*Work instructions*. Could you repeat, word for word, the line with "HustlaBall Las Vegas" and every line after it in the records below, leaving out any pictures?

*Supplied data*.

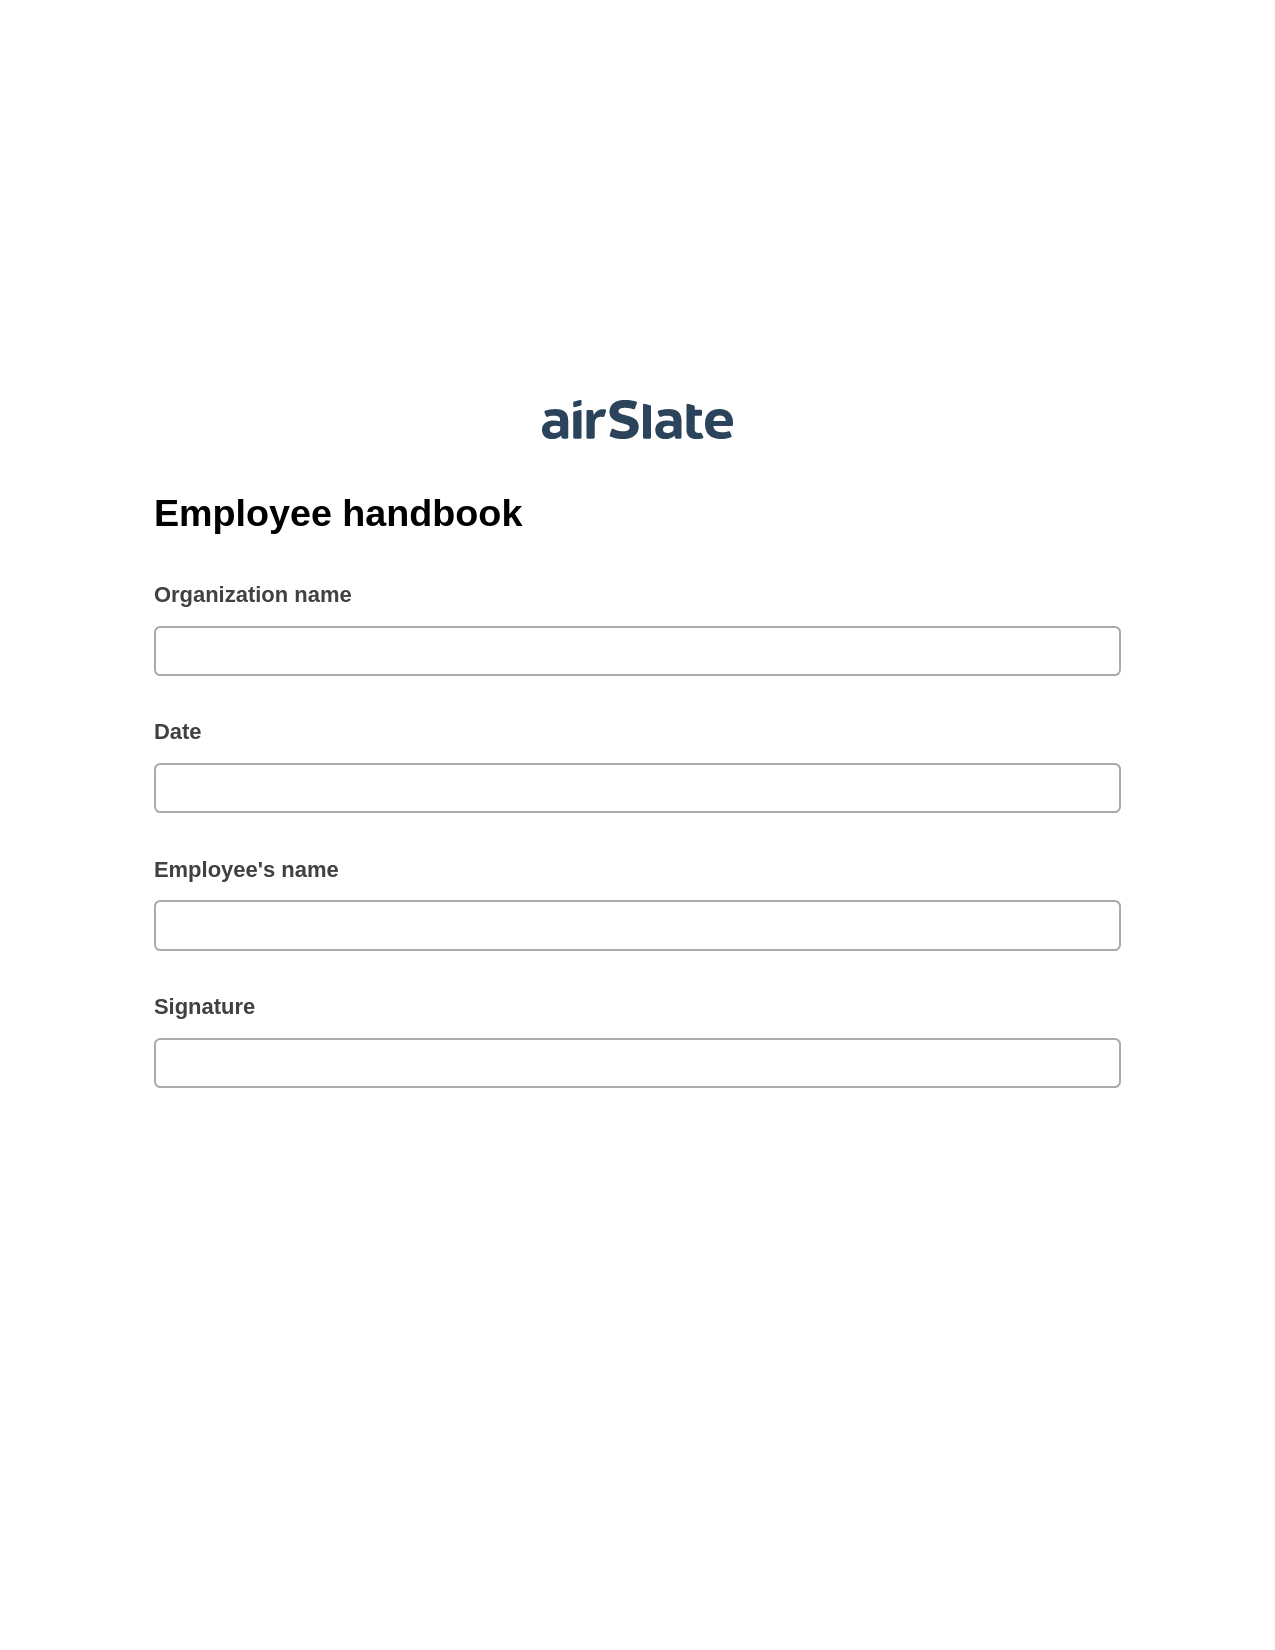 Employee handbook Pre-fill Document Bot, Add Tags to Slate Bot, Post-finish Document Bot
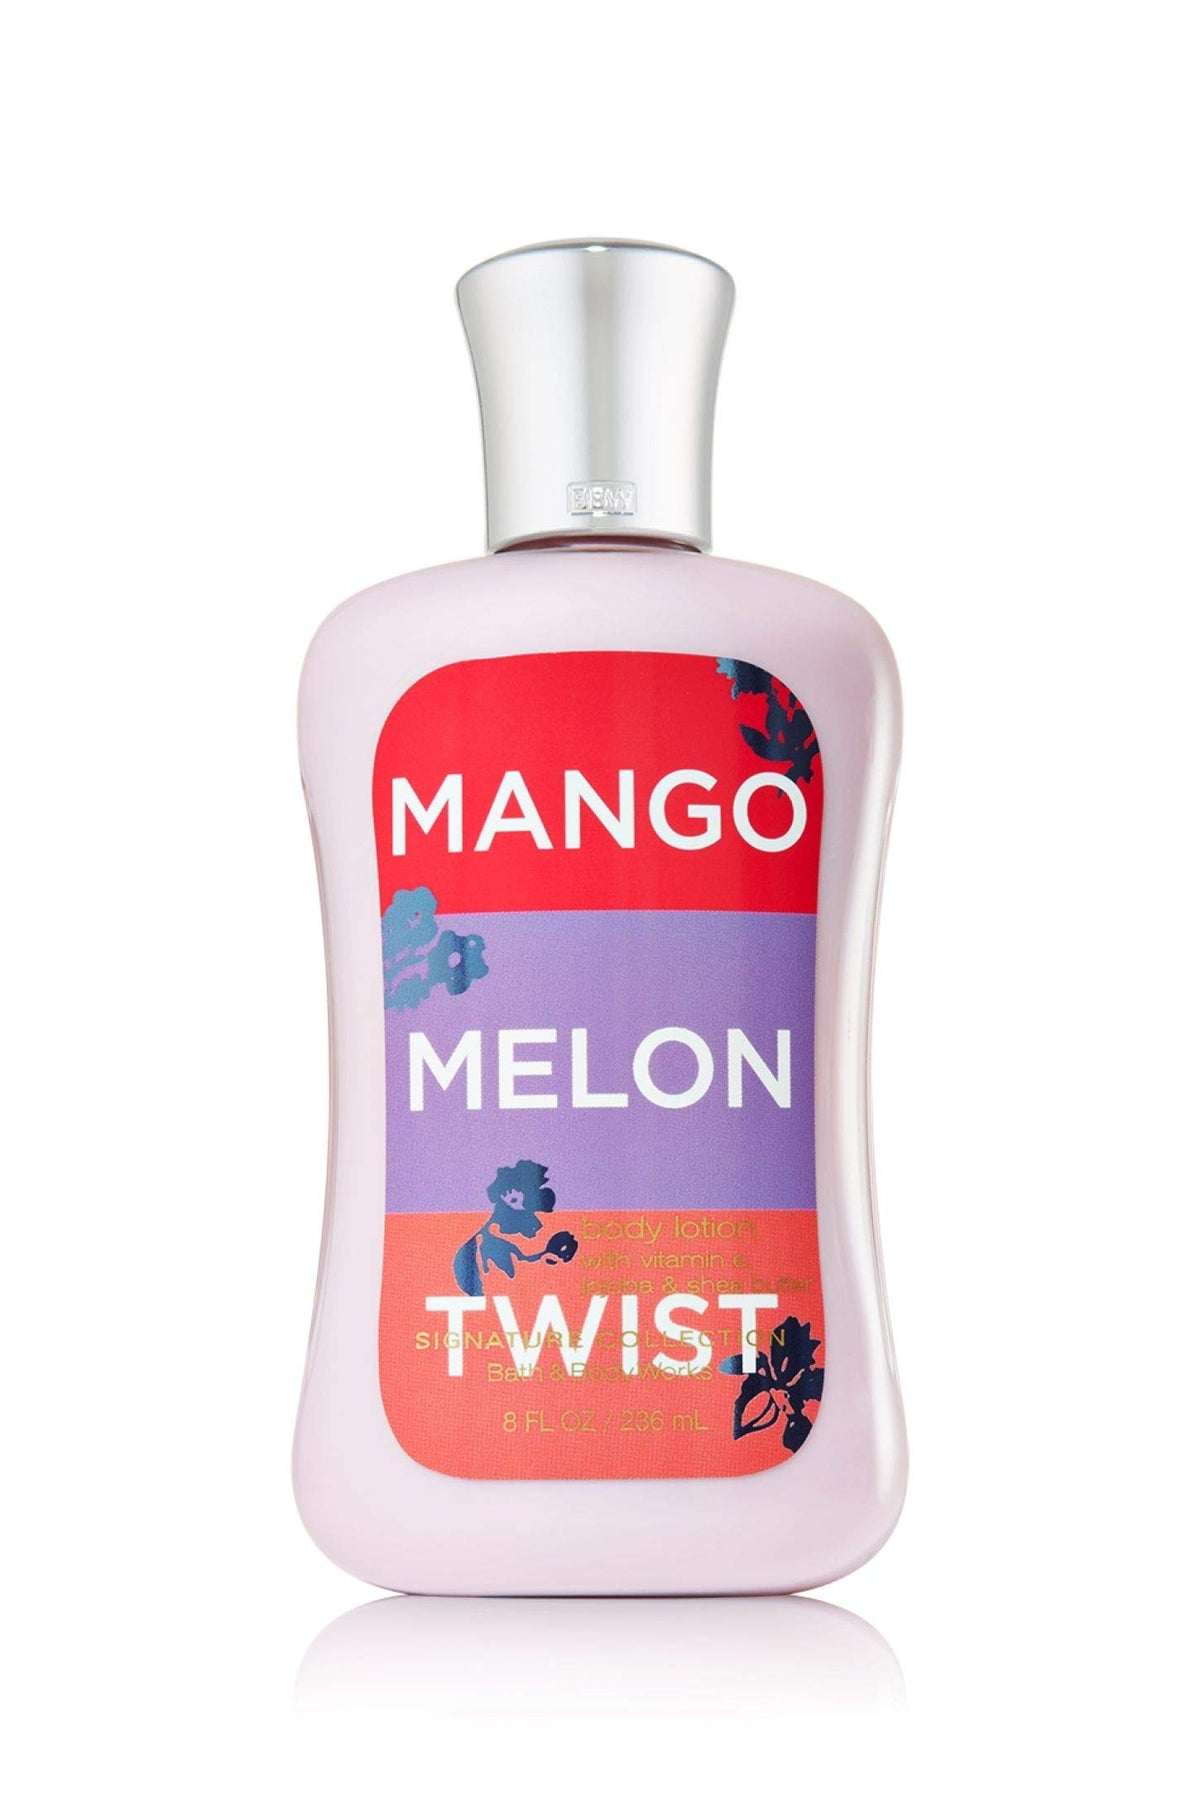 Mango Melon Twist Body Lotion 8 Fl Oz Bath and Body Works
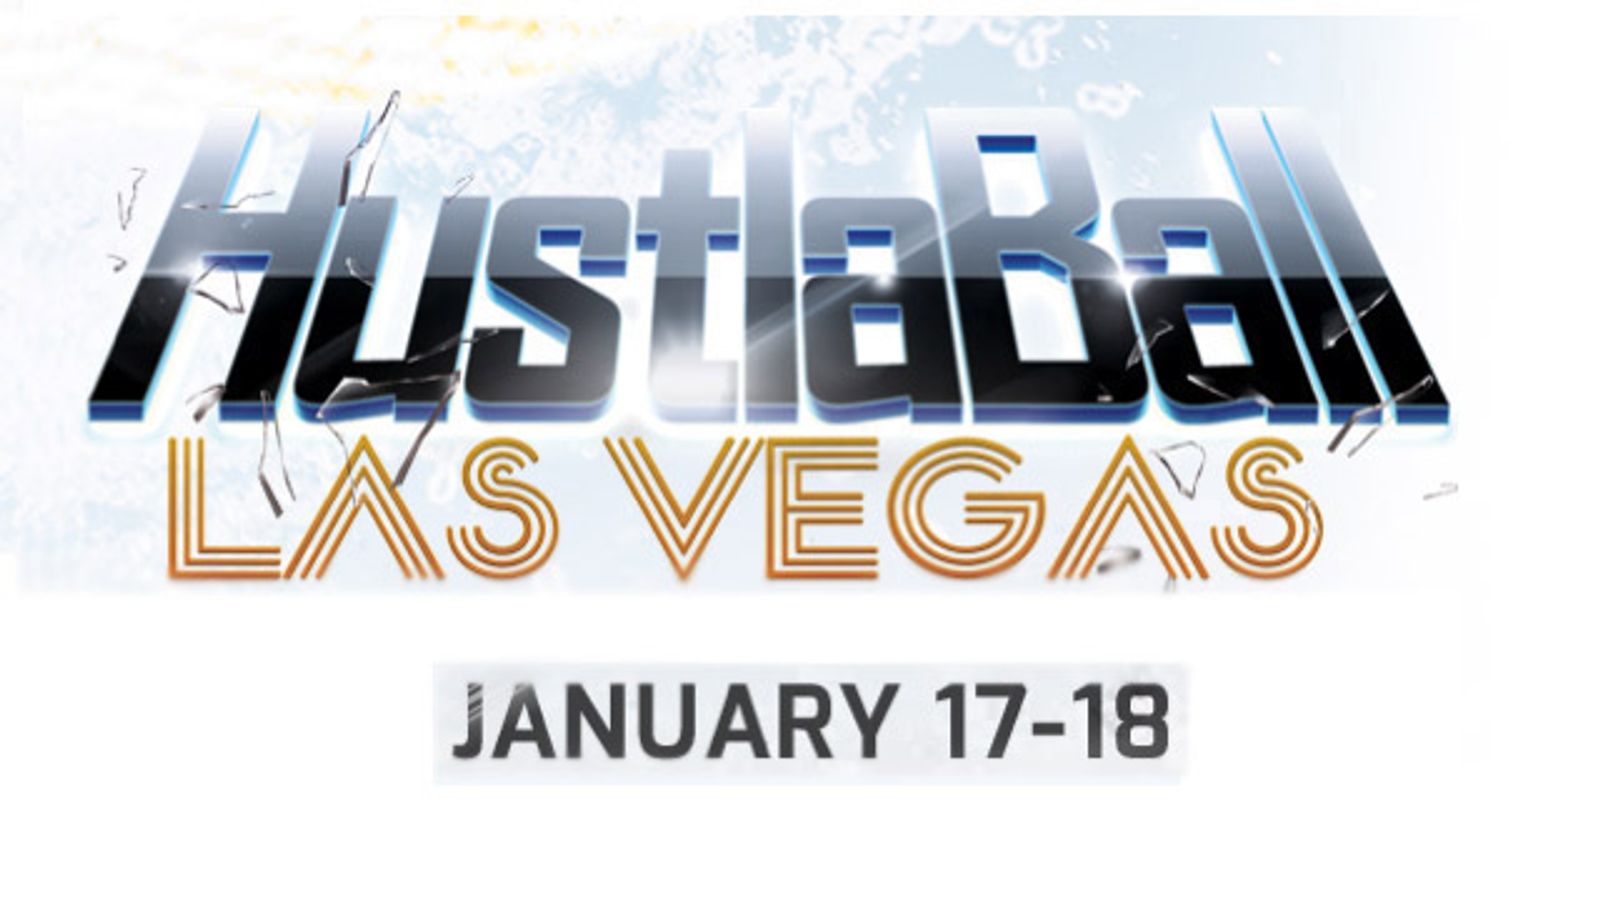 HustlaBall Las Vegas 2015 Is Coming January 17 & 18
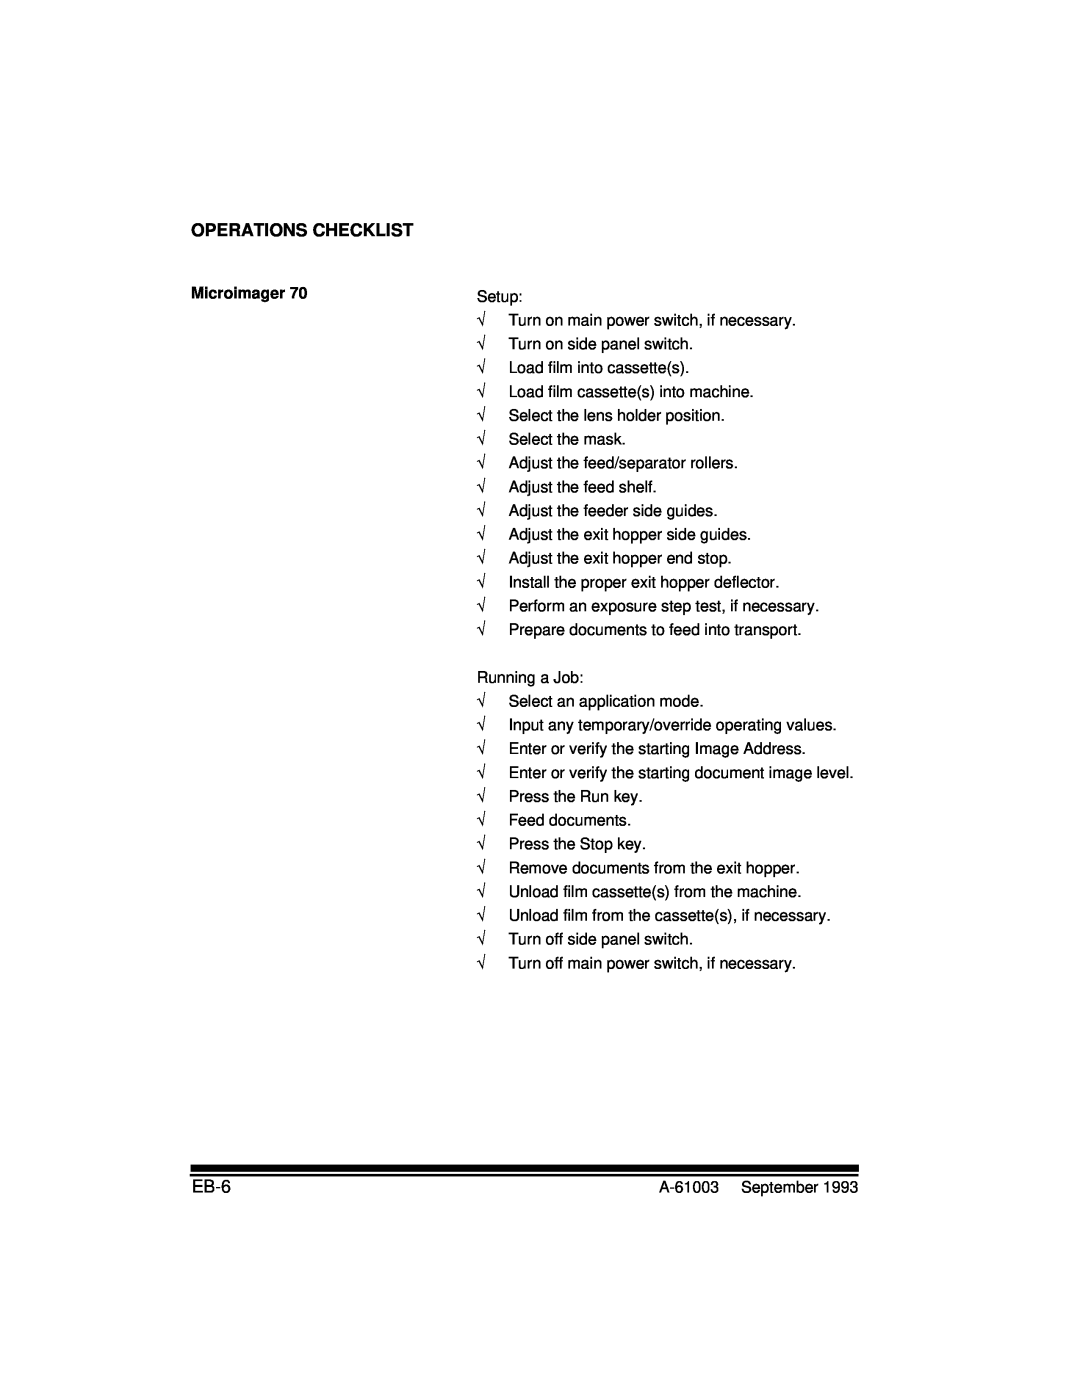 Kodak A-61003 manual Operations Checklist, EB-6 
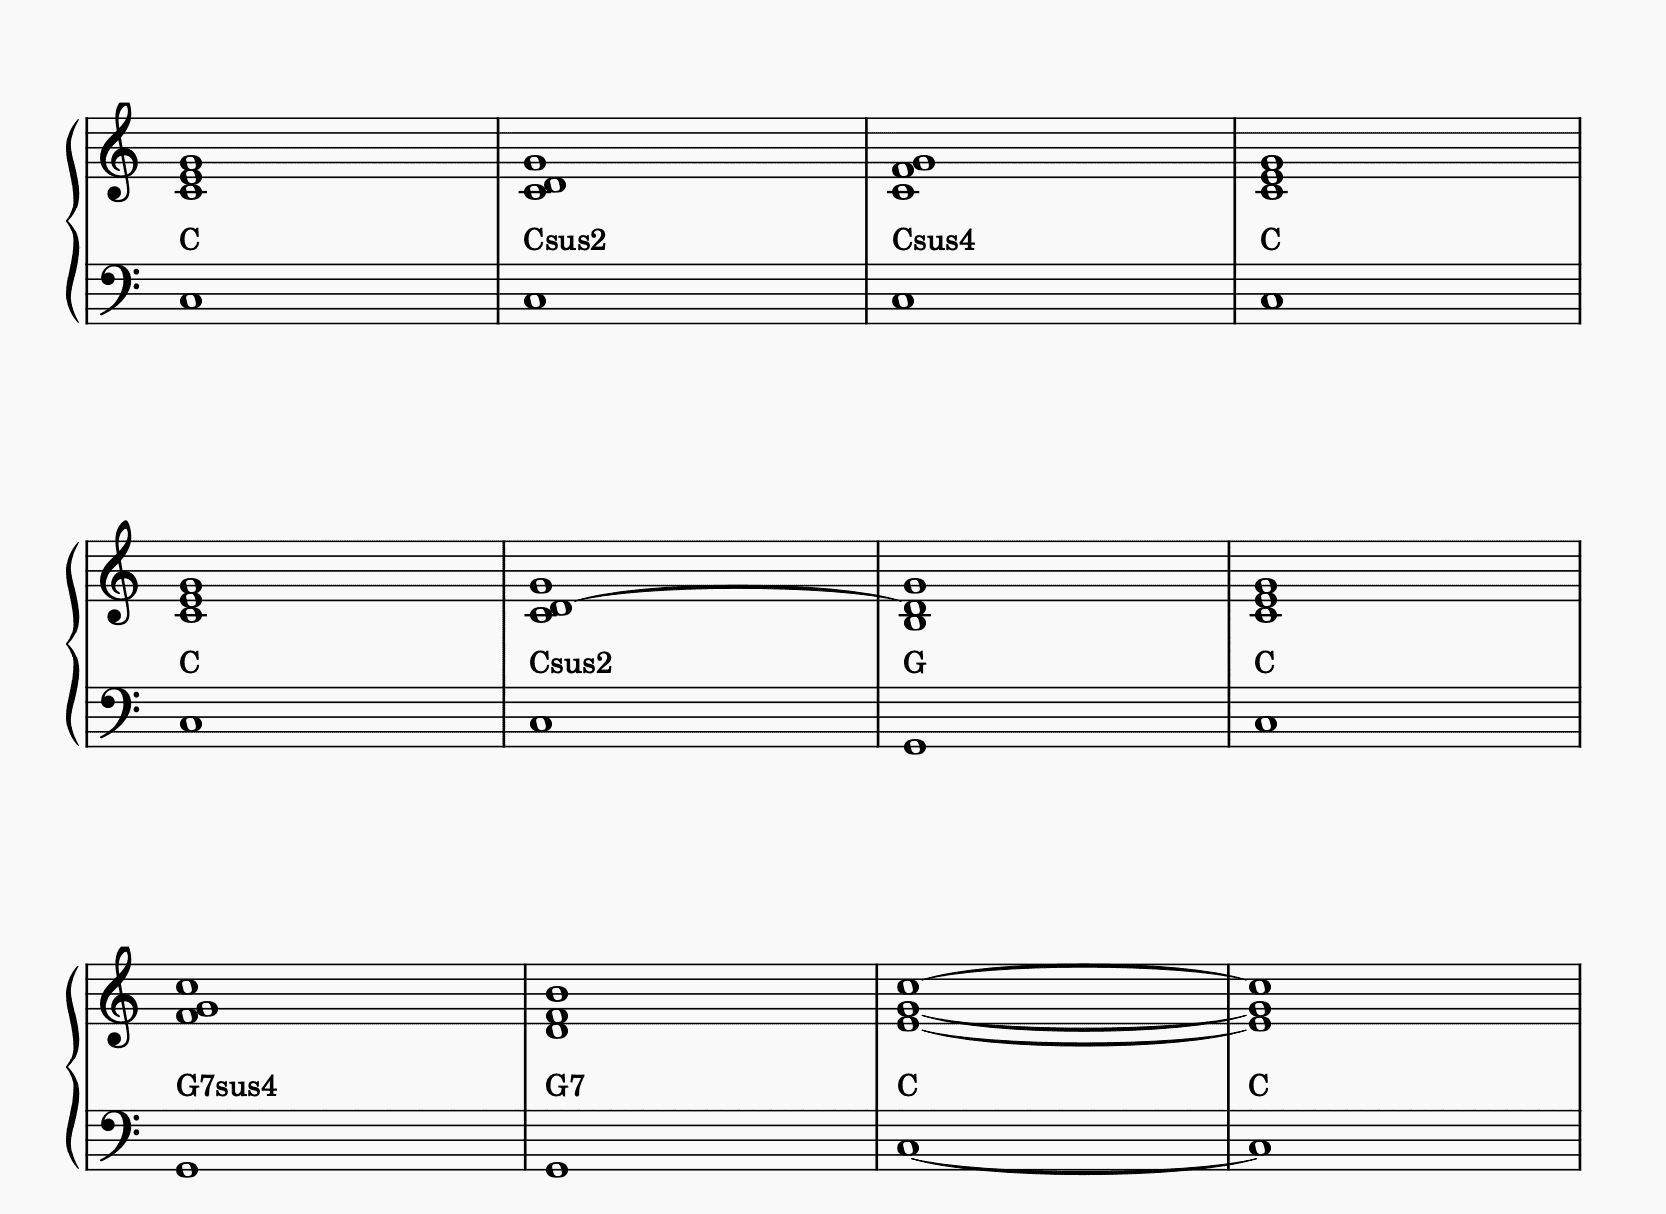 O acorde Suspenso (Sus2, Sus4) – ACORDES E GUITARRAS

*Solution for this task*.
 HustlaBall Las Vegas 2015 Is Coming January 17 & 18
 Kodak A-61003 manual Operations Checklist, EB-6 
 O acorde Suspenso (Sus2, Sus4) – ACORDES E GUITARRAS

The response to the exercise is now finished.